Pour l'année 2012, néanmoins, nous maintiendrons notre objectif de déficit public à 4,6 % du PIB. Les bons résultats obtenus en matière de réduction des déficits viennent compenser l'impact de la légère révision à la baisse de l'hypothèse de croissance pour 2012, qui passe de 2,5 % dans la loi de programmation à 2,25 % dans le programme de stabilité soumis à la Commission européenne – que nous avons examiné ensemble au printemps dernier.

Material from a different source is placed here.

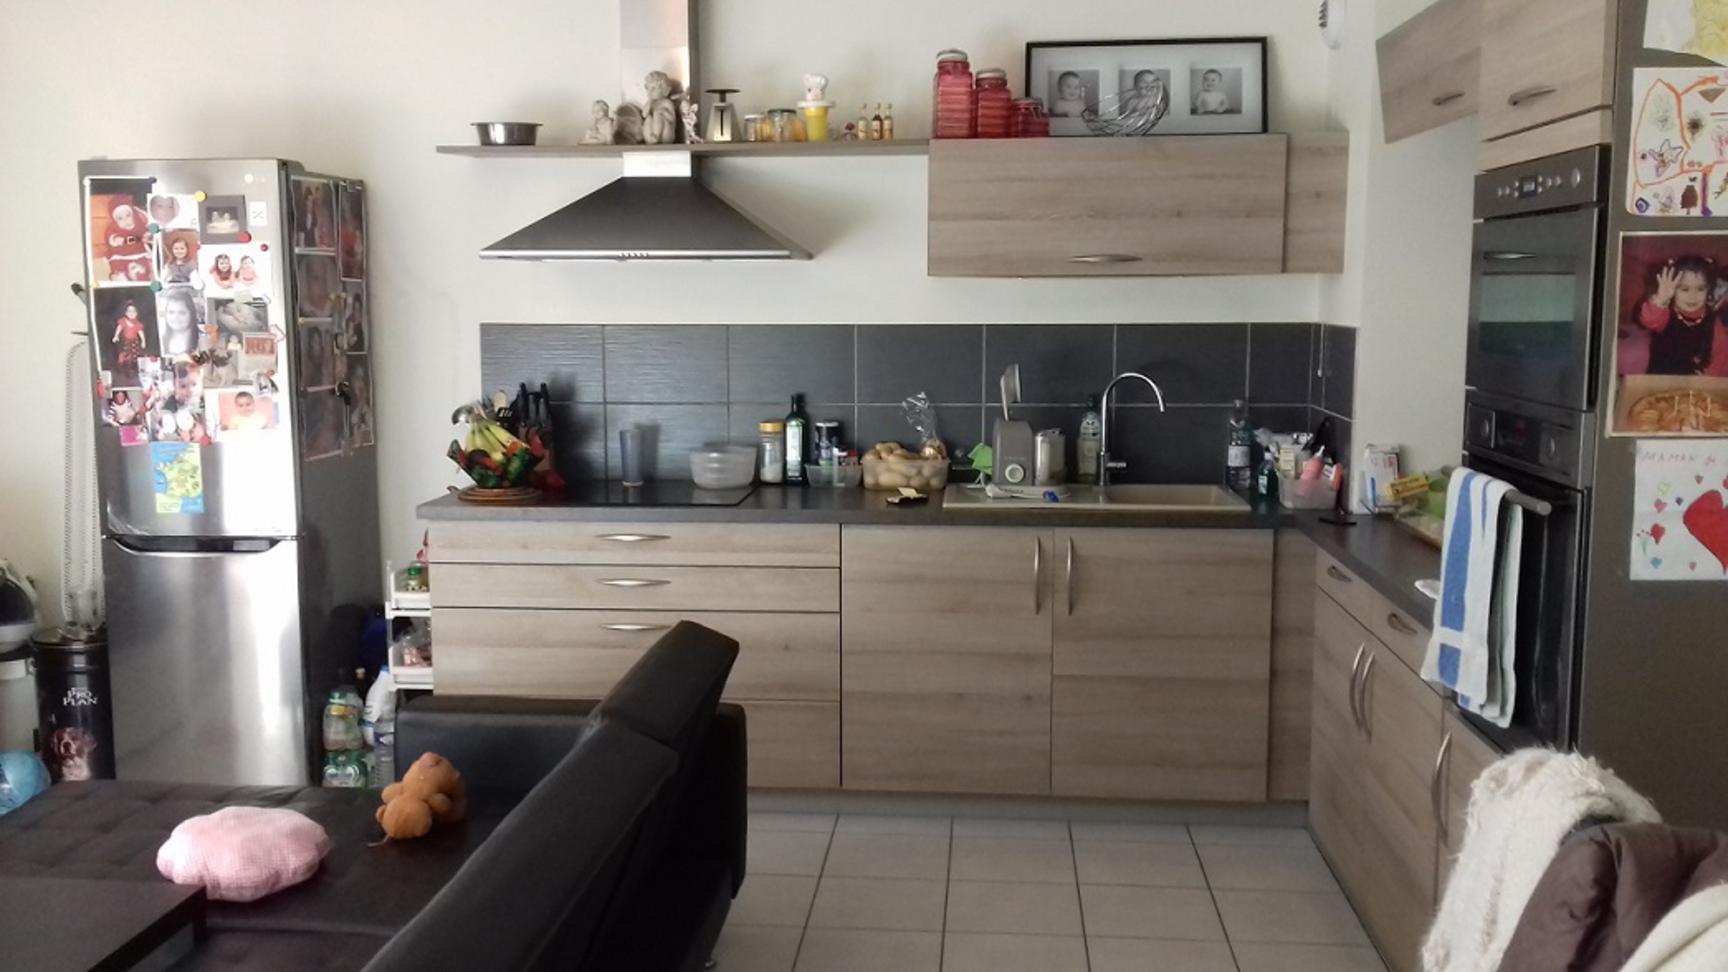 Annonce vente appartement la verpilli re 38290 59 m for Annonce vente appartement

Nous nous sommes engagés devant la représentation nationale à tenir nos engagements jusqu'en 2013. Ils seront tenus ; le Gouvernement agira avec responsabilité, en suivant une voie équilibrée entre le rythme de réduction des déficits publics et l'effort exigé des Français, qui est déjà considérable. C'est un juste et subtil équilibre qu'il convient de préserver.

Notre préoccupation principale est de ne pas briser un cycle de croissance encore convalescent, parce qu'en définitive la reprise de l'activité est la meilleure réponse à apporter aux populations les plus fragiles et les plus exposées à la crise. Nous demeurons donc en ligne avec les engagements de moyen terme que nous avons pris dans le cadre de la loi de programmation des finances publiques.

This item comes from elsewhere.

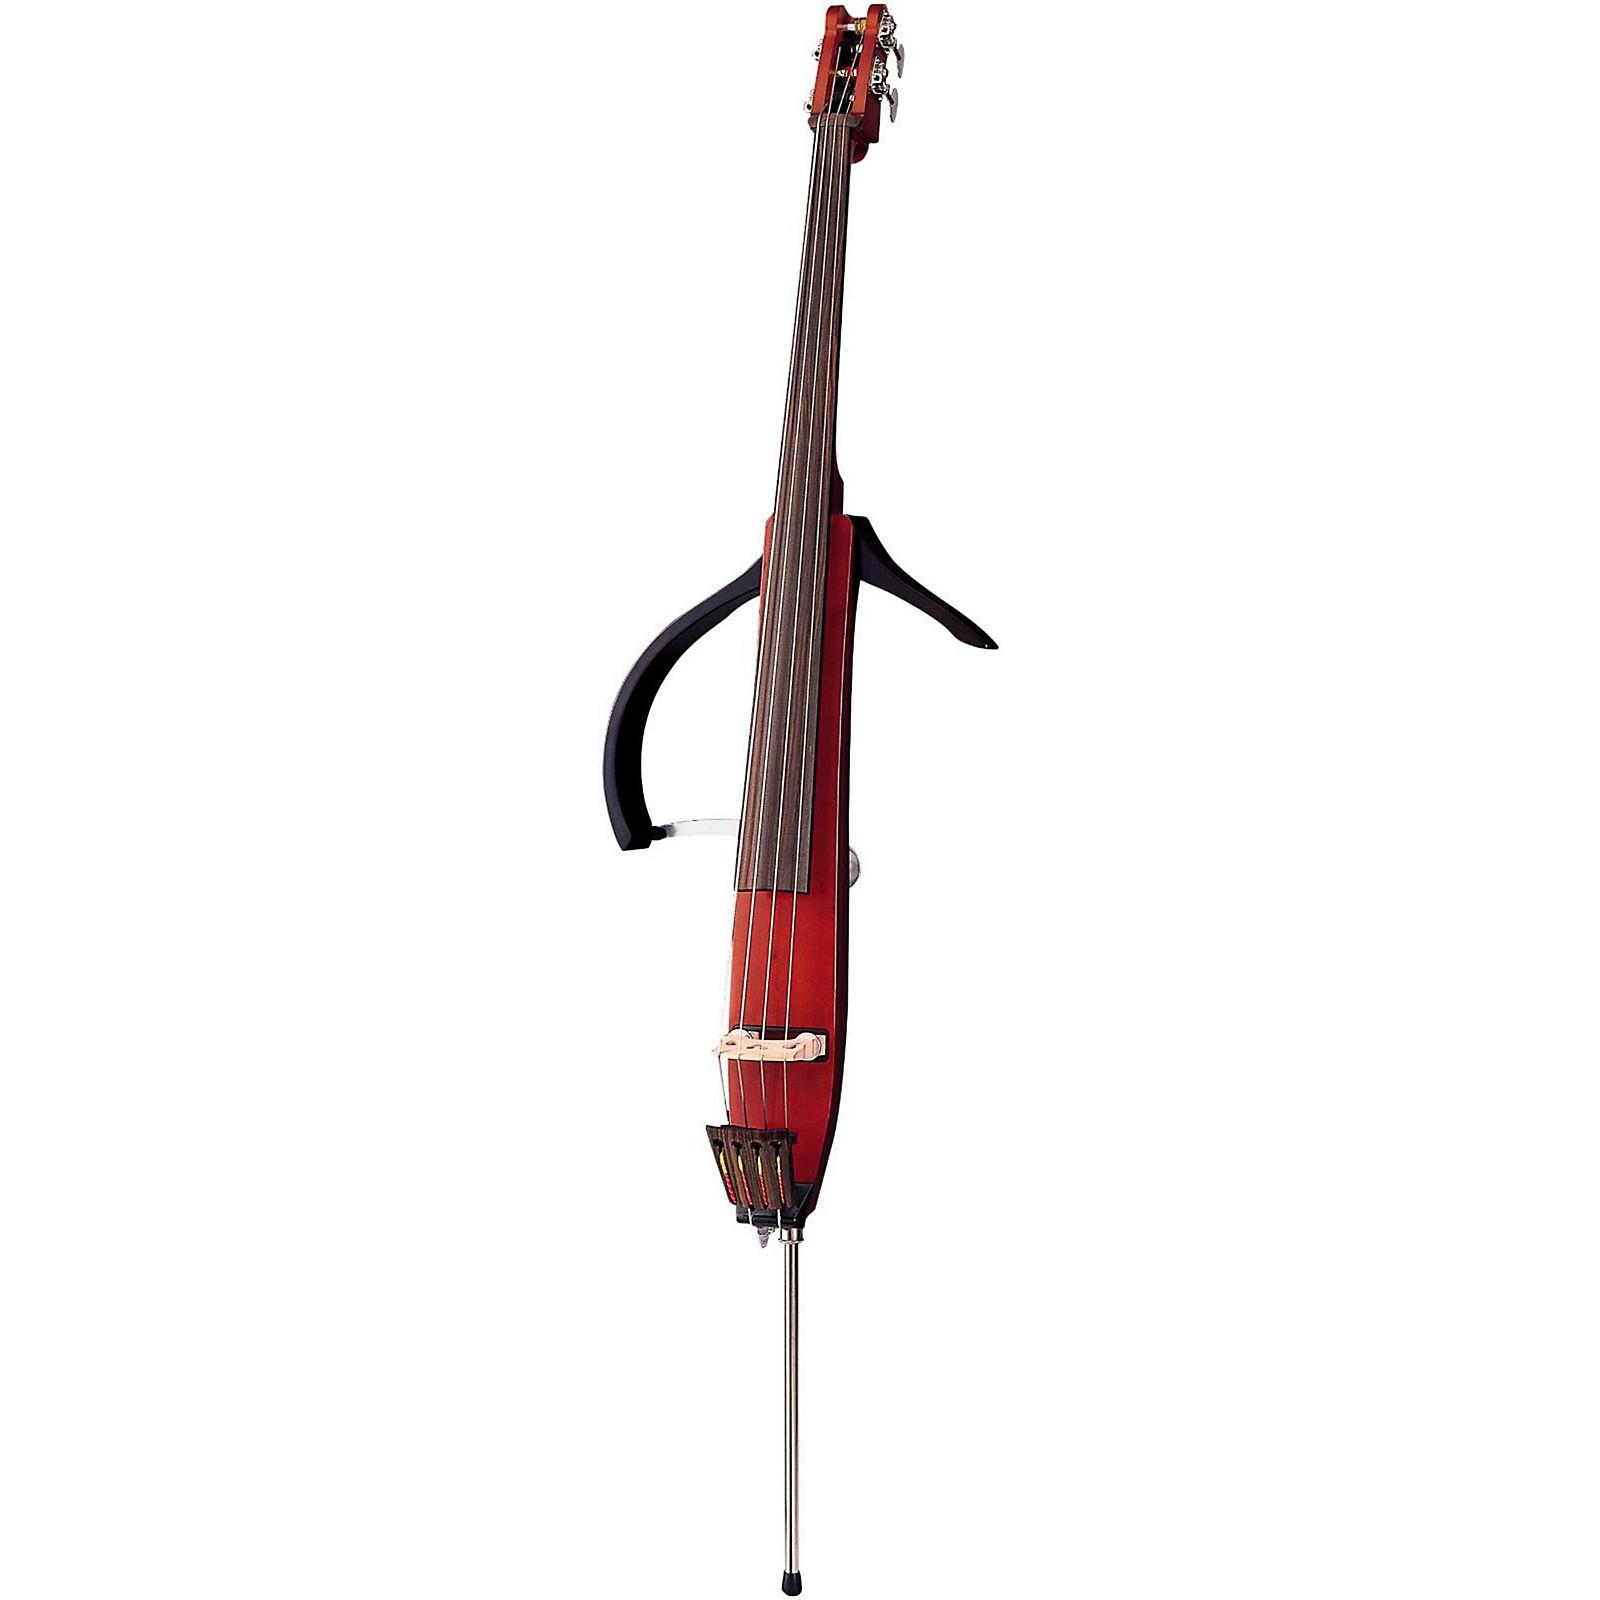 Yamaha SVB-200SK Silent Upright Bass

Le projet de loi de finances pour 2012 sera élaboré en respectant strictement le budget triennal 2011-2013, dont il constitue la deuxième annuité.

Avant même d'aborder son contenu, je voudrais souligner que le projet de loi de finances pour 2012 reflète un véritable changement de nos méthodes de travail, pour une meilleure maîtrise de la dépense publique.

D'ores et déjà, les plafonds arrêtés pour 2012 montrent que le budget pluriannuel est respecté : il ne s'agit pas d'un engagement en l'air, et encore moins d'une programmation indicative. C'est le reflet de la responsabilité du Gouvernement en matière de finances publiques, qui est traduit dans la loi de finances en 2012, comme c'était déjà le cas en 2011. Ainsi, à ce stade, les objectifs de dépense globaux ont été respectés, de même que les plafonds par mission. Les ajustements opérés sont limités.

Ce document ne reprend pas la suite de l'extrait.